Guardrails

Guardrails are host-enforced policy hooks. They run inside the agent loop, outside the model prompt, so they are appropriate for behavior that must be enforced by your application rather than merely requested in instructions.

Where guardrails run

Hook	Runs	Can do
Input	After steering and context trimming, before the LLM call	allow, deny, rewrite messages
Output	After model text, before returning or continuing	allow, deny, rewrite output
Tool	Before each requested tool executes	allow, deny, rewrite arguments

In an agent turn, guardrails can run repeatedly:

prepare/thread expansion
→ steering
→ context trimming/compaction
→ input guardrail
→ LLM call
→ process response
→ tool guardrail(s)
→ tool result messages
→ repeat
→ final output guardrail

Input and output denials fail the turn. In current runtimes, a denied tool call is not executed. The runtime appends a synthetic tool-result message, for example Tool denied by guardrail: ..., so the model can recover or choose another path.

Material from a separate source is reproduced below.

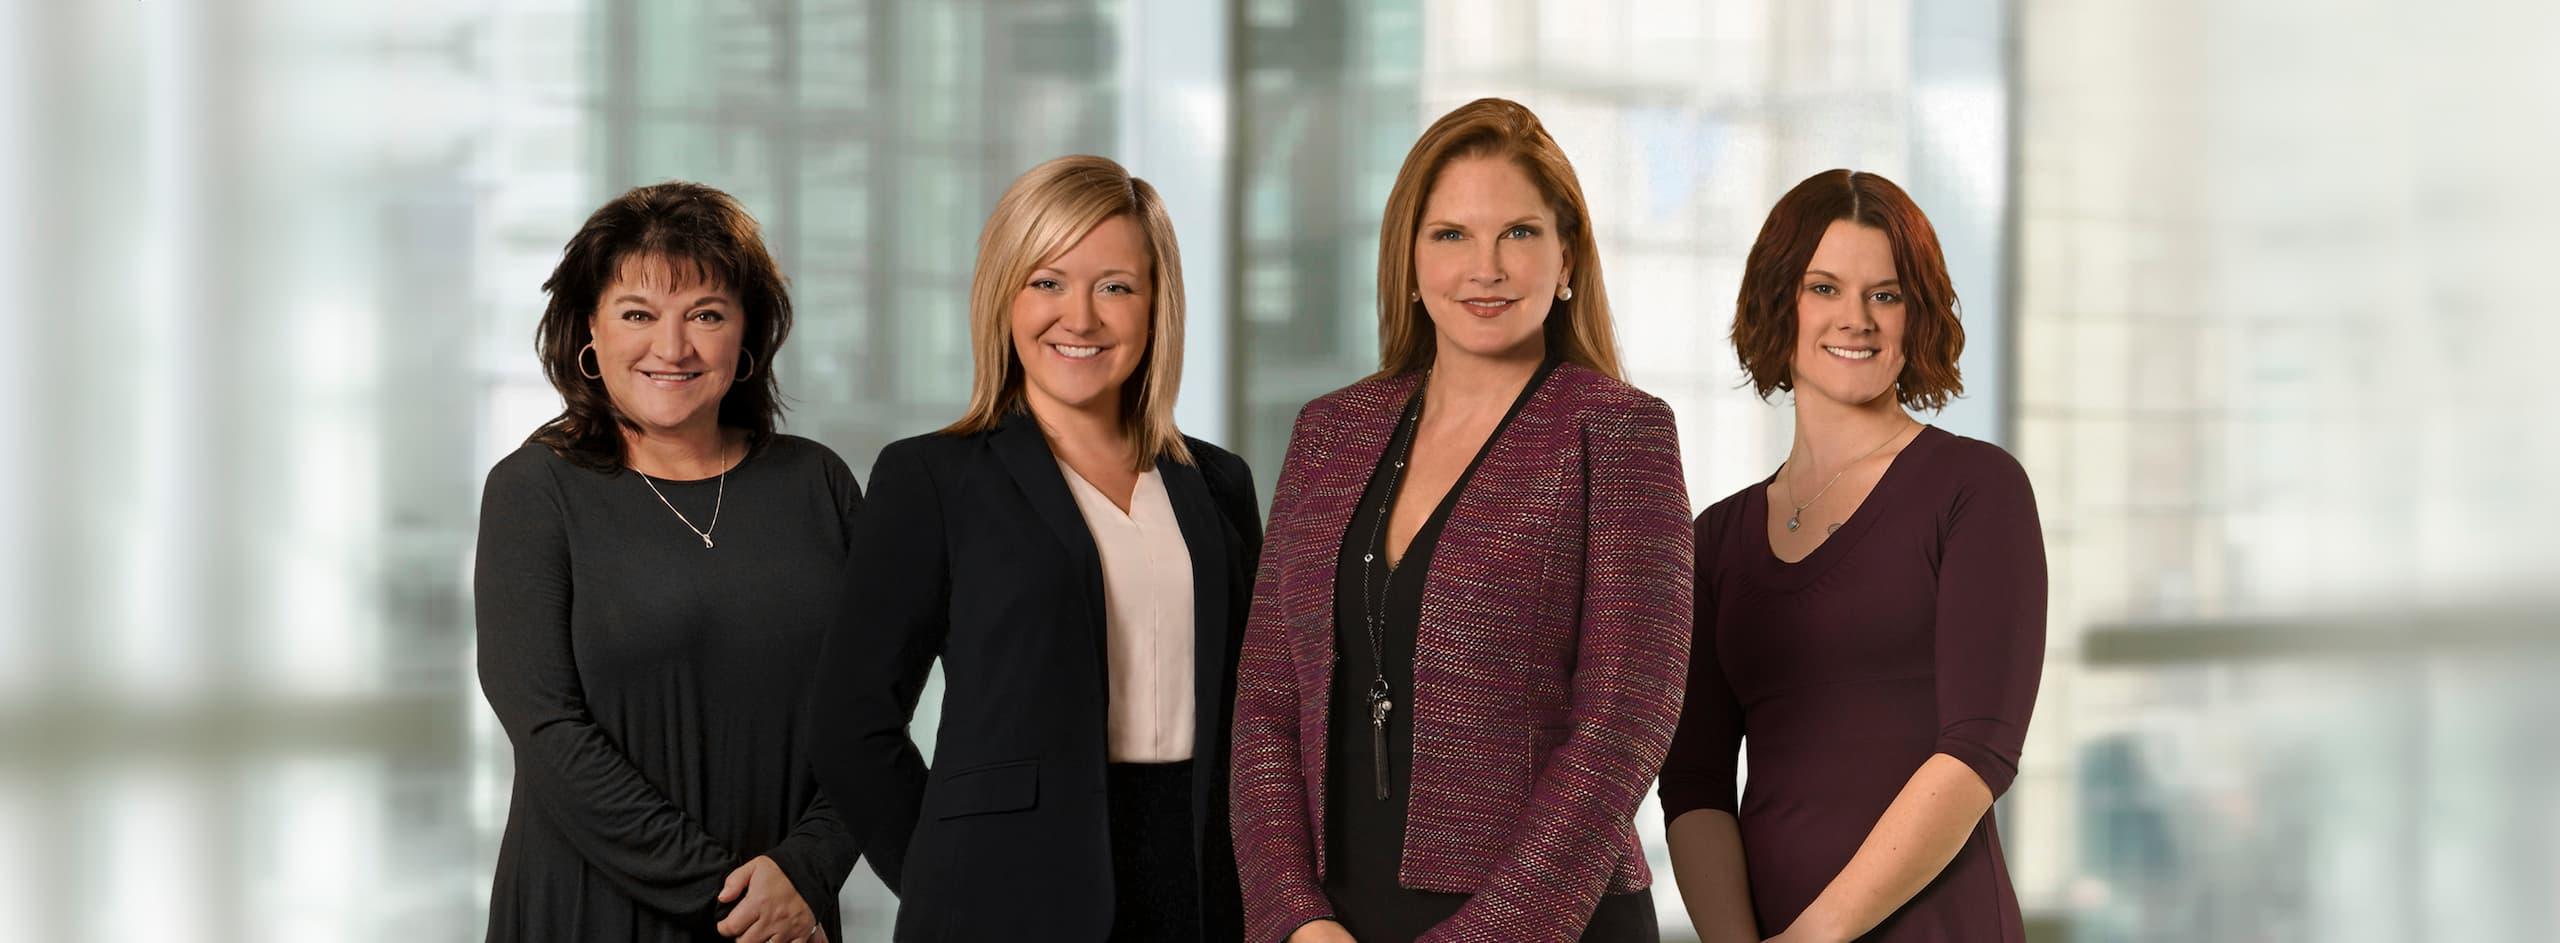 Wells Family Law Attorneys & Staff

Rewrite payload shape depends on the hook. Input rewrites replace the message array, tool rewrites replace the parsed argument object, and output rewrites replace the value returned to the caller. Some runtimes expose these shapes as plain objects, while C# uses List<Message> for input rewrites and Dictionary<string, object?> for tool rewrites.

Common uses

redact secrets before a model call;
block requests that violate app policy;
constrain high-impact tools;
rewrite risky tool arguments;
validate final output before returning it to users.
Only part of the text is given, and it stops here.